Её занесло ко мне в камеру ночным приливом, а утром, когда вода уходила, я, изловчившись, сумел ткнуть бедняжку своей кистью, и та, ощутив прикосновение чего-то неизмеримо большего, чем она сама, выпрыснула свои тёмные чернила со всей устрашающей яростью, на какую только была способна. Хотя часть их попала мне в глаз, а малая толика угодила даже прямо в рот, мне всё-таки удалось поймать добрую треть жидкости в миску из-под похлёбки, и вот теперь я пользуюсь ими, этими тёмными чернилами, которые, если их подсушить, становятся похожи на высохшее дерьмо, чей цвет как нельзя лучше подходит этой дерьмовой колонии, и записываю те самые воспоминания, что вы теперь читаете.

«Рыбы словно сами взывают о том, чтобы их систематизировали, а следовательно, познали, — написал мистер Космо Вилер моему Доктору, — а также о том, чтобы за это взялся кто-нибудь вроде вас, дорогой Лемприер, ибо у кого же, как не у вас, есть все возможности для сбора коллекций, в коих отразится весь столь новый и экзотичный мир рыб!»

Помнится, осушив стакан рома одним махом, я даже не почувствовал вкуса ни языком, ни гортанью, а взгляд моих глаз так и оставался прикован к белёсым гляделкам Доктора, пока тот излагал подробности недавней переписки, которую вёл с ним мистер Космо Вилер.

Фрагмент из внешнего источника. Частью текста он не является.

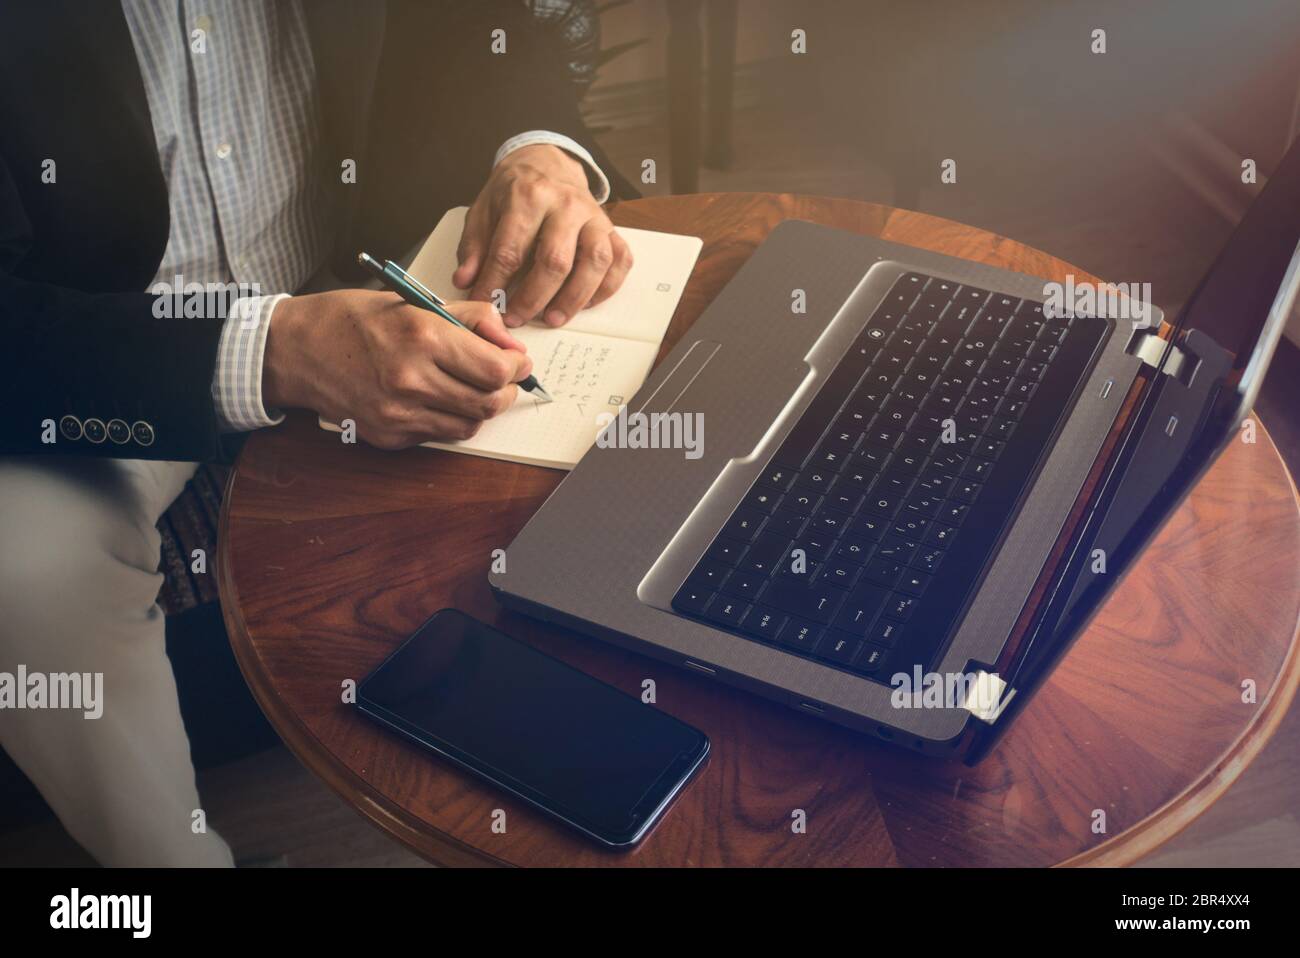 Professioneller Senior, der mit einem Stift Notizen macht, während er mit seinem Laptop eine Konferenz führt und dabei ein Telefon auf einem Tisch daneben hat Stockfoto

«А кроме того, — добавлял в письме этот мистер Вилер, причём таким тоном, будто собирался задать риторический вопрос, — разве не из таких счастливых совпадений места (бухта Маккуори — Трансильвания — Земля Ван-Димена) и гения (Тобиас Ахиллес Лемприер) зачастую рождается сама История?»

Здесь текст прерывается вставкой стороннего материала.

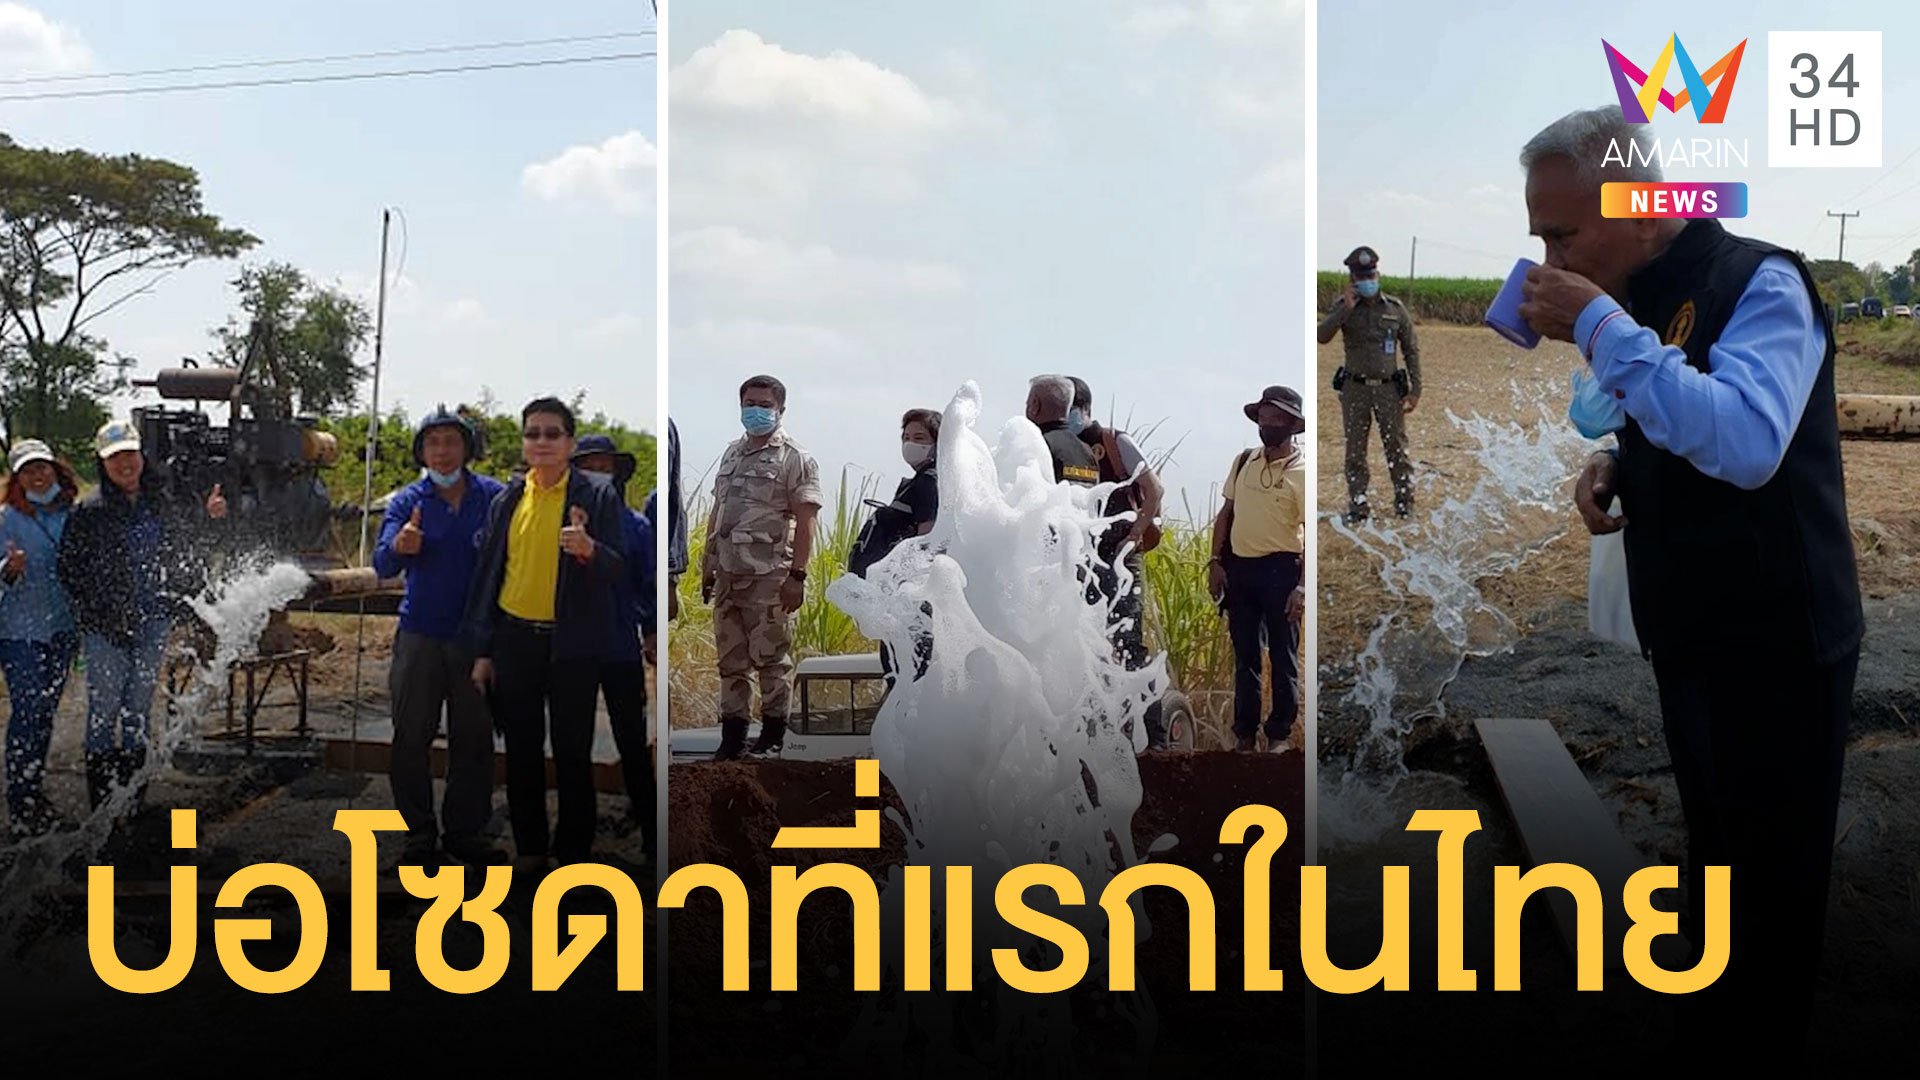 บ่อน้ำผุดคล้ายโซดาที่เมืองกาญจน์ เจอที่แรกในไทย | ข่าวอรุณอมรินทร์ | 11 ก.พ. 64 | AMARIN TVHD34

В связи с тем что он чрезвычайно ценит своего друга, натуралиста и естествоиспытателя, продолжал далее мистер Космо Вилер, ему бы хотелось — если экземпляры выловленных рыб окажутся достаточно интересны — получить их рисунки соответствующего формата, дабы представить их в своём следующем труде, который он предполагает назвать Systema Naturae Australis.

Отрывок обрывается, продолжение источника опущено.